Robert Redeker : Agrégé de philosophie, chercheur au CNRS. Membre du comité de rédaction de la revue Les Temps Modernes. Membre du comité scientifique du CALS (Université Toulouse-le-Mirail). Membre du comité scientifique de la revue Culture Droit.  Membre du comité de rédaction de la revue Des Lois et des Hommes . Membre de la commission " philosophie- sciences religieuses- psychanalyse " du Centre National du Livre . 

Laurent Murawiec : Ancien conseiller de Lyndon LaRouche et de Jean-Pierre Chevènement, Laurent Murawiec a rejoint la Rand Corporation. Le 10 juillet 2002, il présenta ses travaux devant le Defence Policy Board, à l’invitation de Richard Perle, et préconisa le renversement des Saoud en Arabie et l’anéantissement de l’islam. Il est aujourd’hui chercheur au Hudson Institute de Washington, un think thank dont Richard Perle est administrateur. Il est l’auteur notamment de La Guerre au XXIe siècle et de L’Esprit des nations.

Gérard Pince : Docteur de 3éme cycle en Economie du Développement-Université de Paris - Diplômé de l'Institut d'Etudes Politiques de Paris-Licencié en Droit - Chevalier de l'Ordre National du Mérite - Inventeur d'une machine comptable pour analphabètes - Fondateur et Président de Free World Academy.

Claude Reichman : docteur en chirurgie dentaire de la faculté de médecine de Paris. Il est l'un des initiateurs de la Révolution bleue, mouvement informel résumé par son slogan «Non à la chienlit, non au trop-plein d'impôts et de charges, non aux politiciens incapables». Il est par ailleurs président du Mouvement pour la liberté de la protection sociale (MLPS), président du Comité CSG, président du Syndicat retraite-action et président du Collectif vivre en paix à Paris (VEPAP).

Eric Zemmour : Journaliste politique français, grand reporter au service politique du quotidien Le Figaro.
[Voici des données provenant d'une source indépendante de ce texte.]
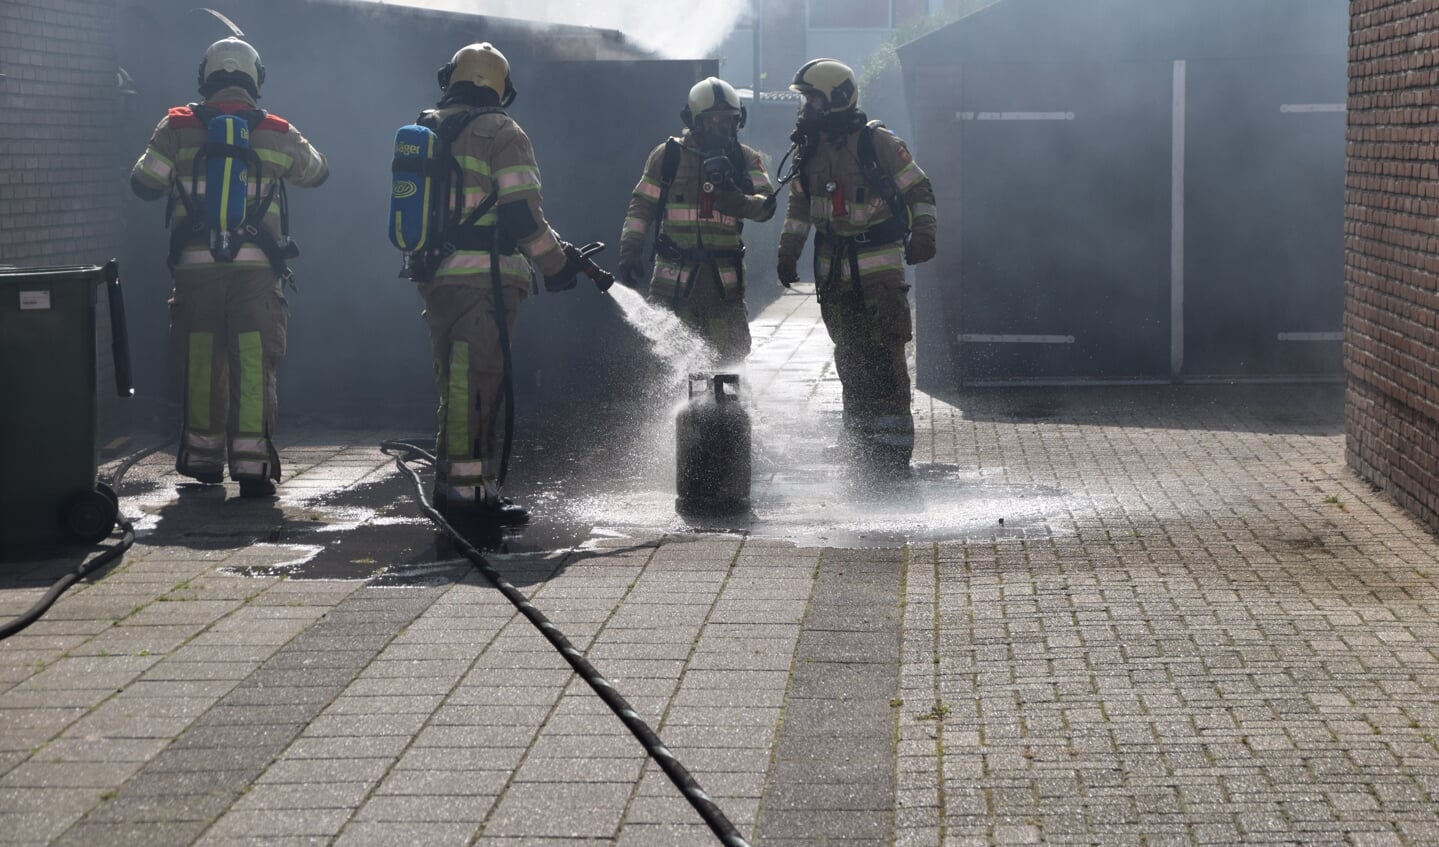 Brandweermannen koelen de gasfles die in de brandende schuur stond.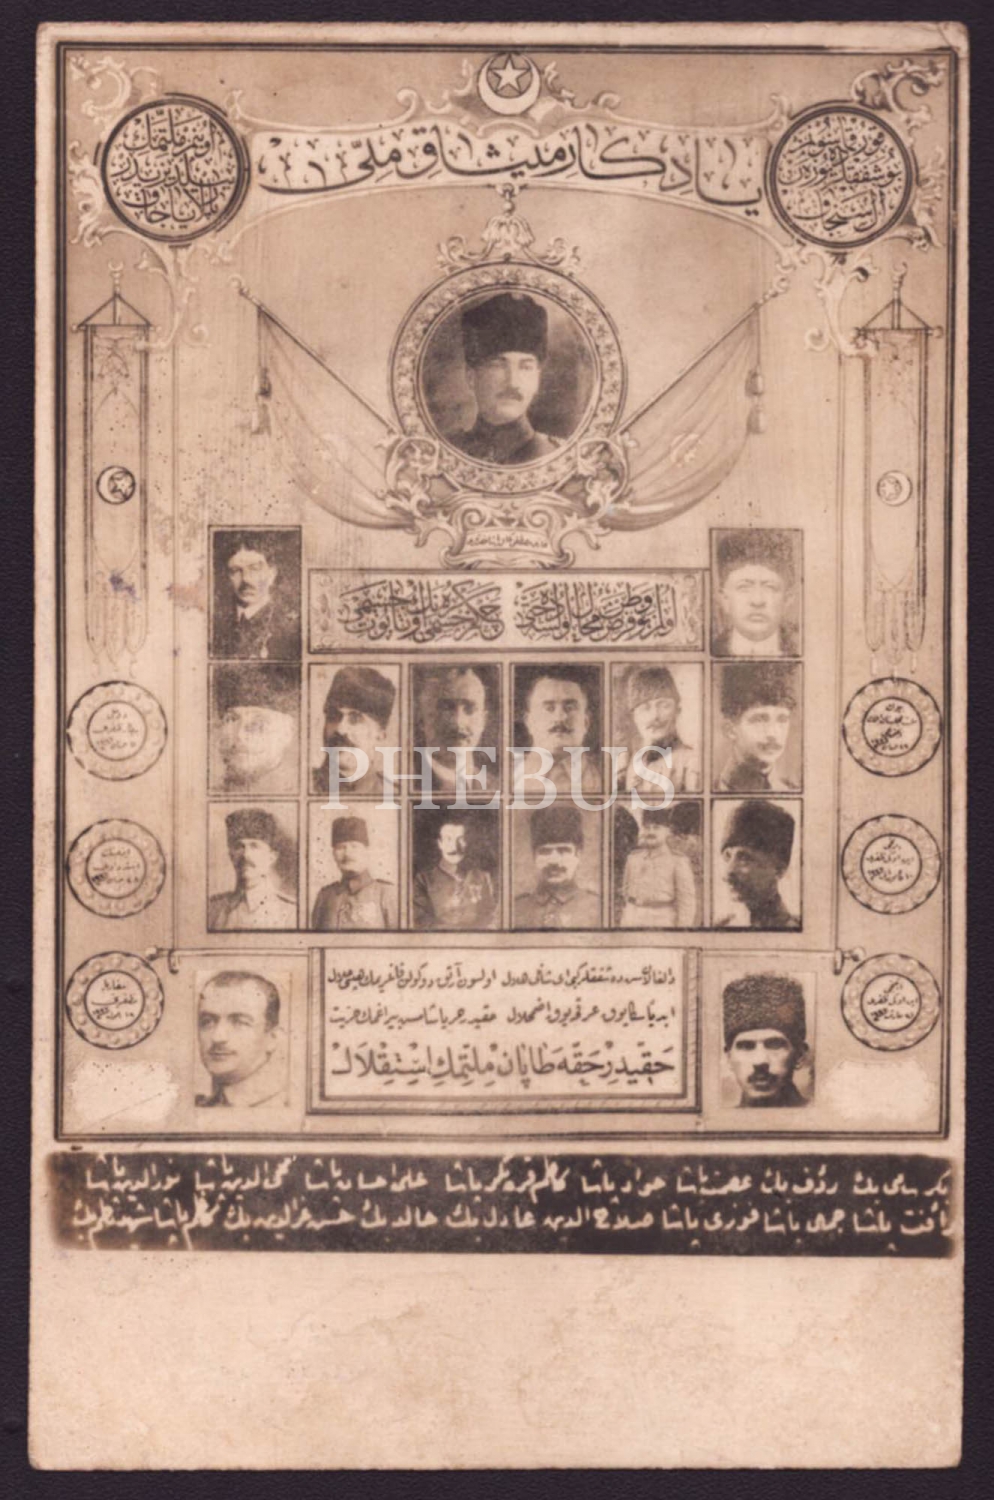 Başta Gazi Mustafa Kemal (Atatürk) Paşa olmak üzere Kurtuluş Savaşı´nın kahraman kumandanlarının bir arada görüldüğü

Il participe toutes les semaines à l'émission "ça se dispute" sur I-Télé. Depuis septembre 2006, il participe à l'émission du samedi soir de Laurent Ruquier, "On n'est pas couché".

Roger Heurtebise : Journaliste à Riposte laïque.

Loïc Lorent : Romancier et essayiste. En 2007, il publie deux livres : Nonoland et Votre Jeunesse. Il s’attaque en mars 2008 au pacifisme à travers Vous aurez la guerre, une charge qu’il veut virulente, avant de revenir au roman avec Le sourire d’Achille dont la sortie est prévue également en 2008.